Well those numbers were the point at which I felt the text was already obscure enough. Or put another way, I felt that a sentence is for ‘expert eyes only’ if it contains an average of 2.8 acronyms per sentence (when looking at the total count of acronyms – not just unique acronyms) AND has 1.7 unique acronyms per sentence AND features one sentence that has 4 unique acronyms within it. This therefore is maximum arcanicity. I’ve capped the peak unique acronyms at 4 because again I felt that if a single sentence contained 4 unique acronyms, it was already expecting a degree of expertise from the reader in order for them to be able to understand it. Would a 5th acronym make it any less impenetrable to someone without domain knowledge? Probably not.
Creating the Acanicity Index Equation
Now I needed to put this into an equation that would get me a score of 100 if the text contained 2.8 non-unique acronyms per sentence, 1.7 unique acronyms per sentence and a peak of 4 unique acronyms in one sentence. So given that we want a maximum score to be 100, working back from there gives us something like.
100 = (1) x (2) x (3) x MAGIC NUMBER
100 = 3.8 x 2.7 x 4 x 2.4366
Note that I’ve added 1.0 to each of the density figures to ensure that they are always 1.0 or above. Otherwise density figures of less than 1 acronym per sentence would serve to lower the index and would create an artificial pivot point in the scoring around a density of 1.0. The 2.4366 is the magic number that when used with the the maximum vales of 1,2 and 3, creates a maximum score of 100. Or mathematically…
MAGIC NUMBER = 100 / (3.8 x 2.7 x 4)
And so this becomes…
Arcanicity = 2.4366 x NAS x UAS x PAS
As I mentioned above it’s possible to score greater than 100 but I’d contend that the sentence isn’t excluding any further readers at that point, as it is already arcane enough.
So how does ACME’s marketing copy above score?
Well the Goodall Arcanicity Index is 69.04, or…
(1 + 1.833) x (1 + 1.50) x 2.4366 x 4 = 69.04
Whether that is good or bad depends on who the text was aimed at. Without even seeing the text, a score of 69.04 tells me that the text relies on significant domain knowledge in order for the reader to understand it and I would hope that the vendor that wrote the text was aiming at the the IT Technical stratum.
Is that it?
No. The magic number and other ratios I’ve landed upon here in the first draft will need to be tested against more marketing copy to ensure that they reflect my own perceived level of obscurity. It will need to be fed very long passages and very short passages to see what min and max bounding I would need to put on the number of sentences in the input text. Currently I can see no value in processing less than 3 sentences – and 5 would probably be a more optimum minimum.
I expect that very long passages that are highly arcane is some sections but less so in others will produce an artificially low result. So I may need to adjust the equation to counter that in future drafts. I would also probably need a more rigorous, scientific approach to testing rather than my “finger in the air – yep it looks good to me” approach. Especially if this Arcanicity Index is to be used in the wild. But for now it’s a start and I’m quite pleased with the way it looks.

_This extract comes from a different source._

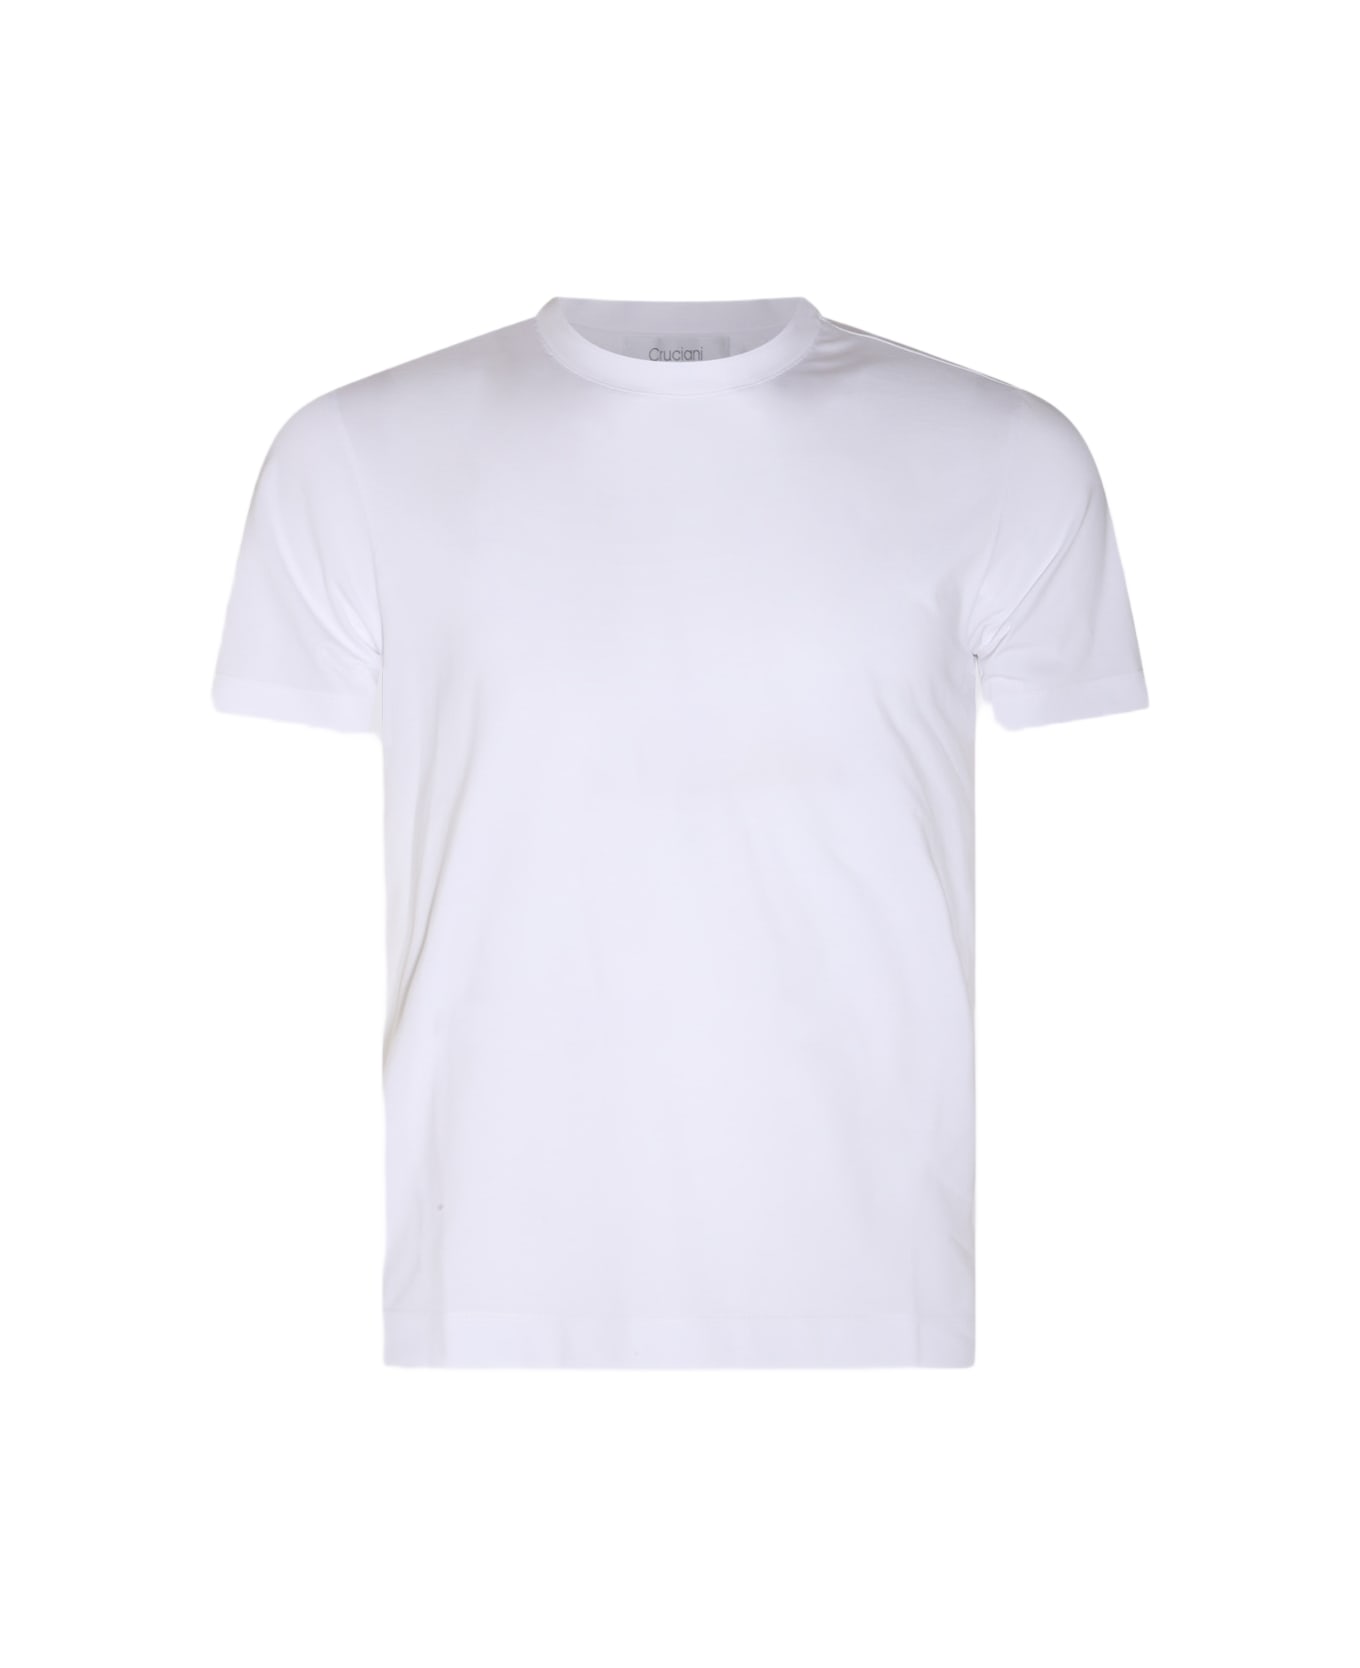 Cruciani White Cotton Blend T-shirt - White

Over the next couple of weeks I’ll post some Arcanicity Index calculations for the ESB vendors that I’m using to tune project REPAMATron. And if you think my example text above for the fictional ACME corp was artificially complex, well I’ll show you some real-world examples that make that look like a Janet and John book.
Lastly, Why Arcanicity?
Well a number of reasons really.
- I like the word – it’s got a nice rhythm to it
- Google only returned 111 hits for it which means it isn’t a real word and it definitely won’t have been used before. I suspect the real term for the degree to which something is arcane or not is acranality, ancanity or probably arcaneness – but I’m not sure.
- I like the humour used in the names of other readability indexes such as Gunning-FOG and SMOG to illustrate that something was clouding the view of the meaning of the words. So I thought I’d inject a little, hopefully, obvious ironic humour myself. I mean, using a made up word with an obscure meaning and 5 syllables to represent an index that is designed to determine how arcane a piece of text is – well it just feels ‘right’.